The recent increase in yields broke the S&P 500’s six-week winning streak and took a bite out of the Russell 2000, with both indexes down 0.77% and 2.9%, respectively, last week. That’s because stock prices are directly impacted by rate expectations, which set the “risk-free return” in the market. Many investors are now left considering what’s next.
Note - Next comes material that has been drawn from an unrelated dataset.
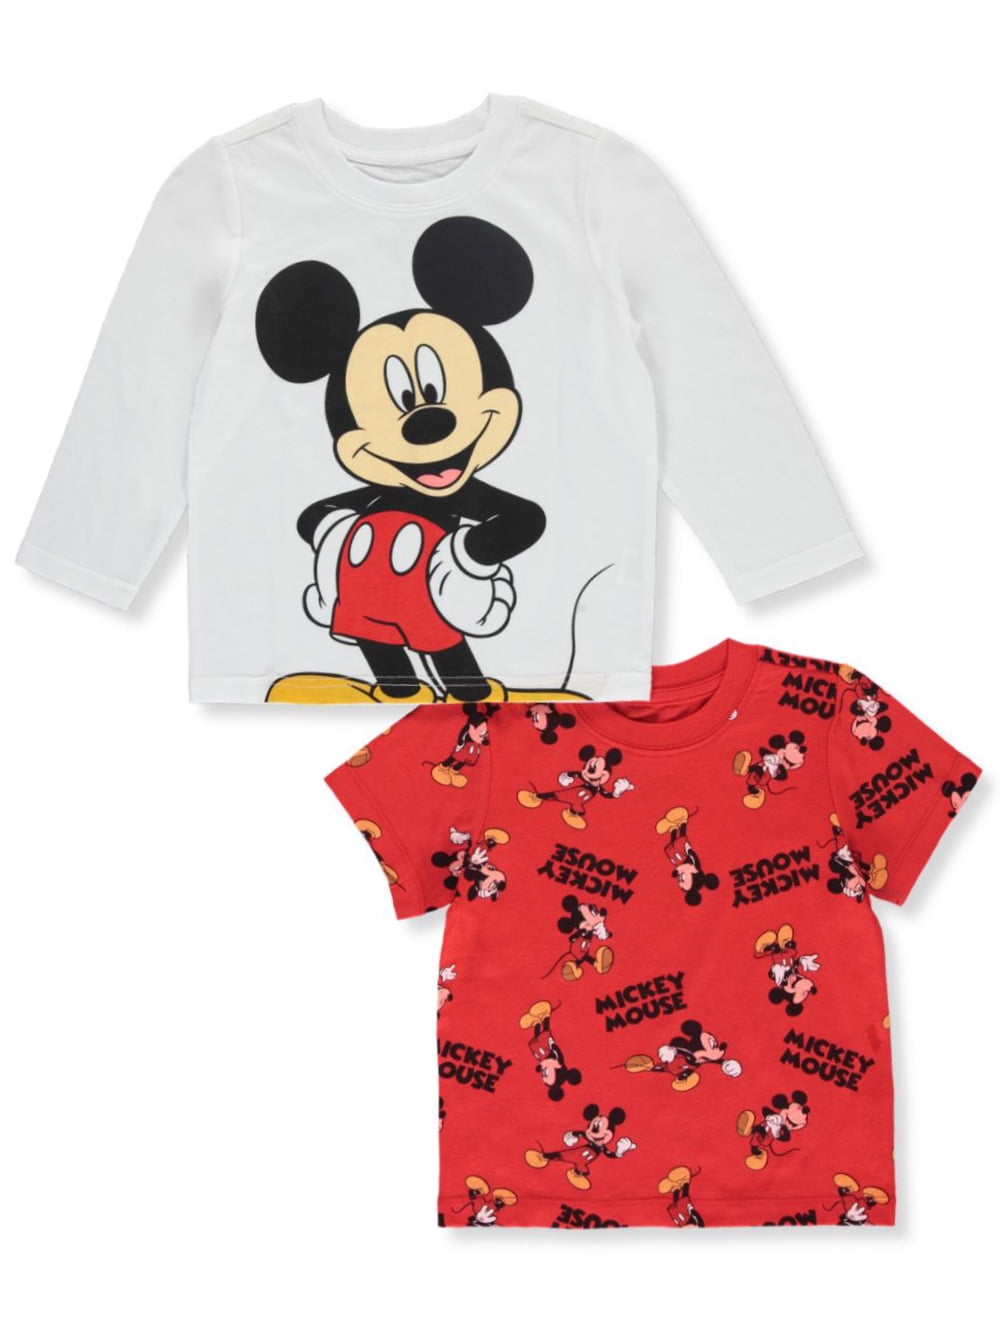 Boys Long Sleeved Tops 2 Pack Official Disney Mickey Mouse 2 3 4 5 & 6 Years

Savers sidelined: Meanwhile, savers, with a record $6.51T in money-market funds, have been holding off on buying longer-dated bonds, according to Bloomberg, as many feel it’s safer to wait. The latest bond market volatility also serves as a nice “heads up” for investors as we barrel towards the US election next week, which could bring added market turbulence, with results potentially taking days to report.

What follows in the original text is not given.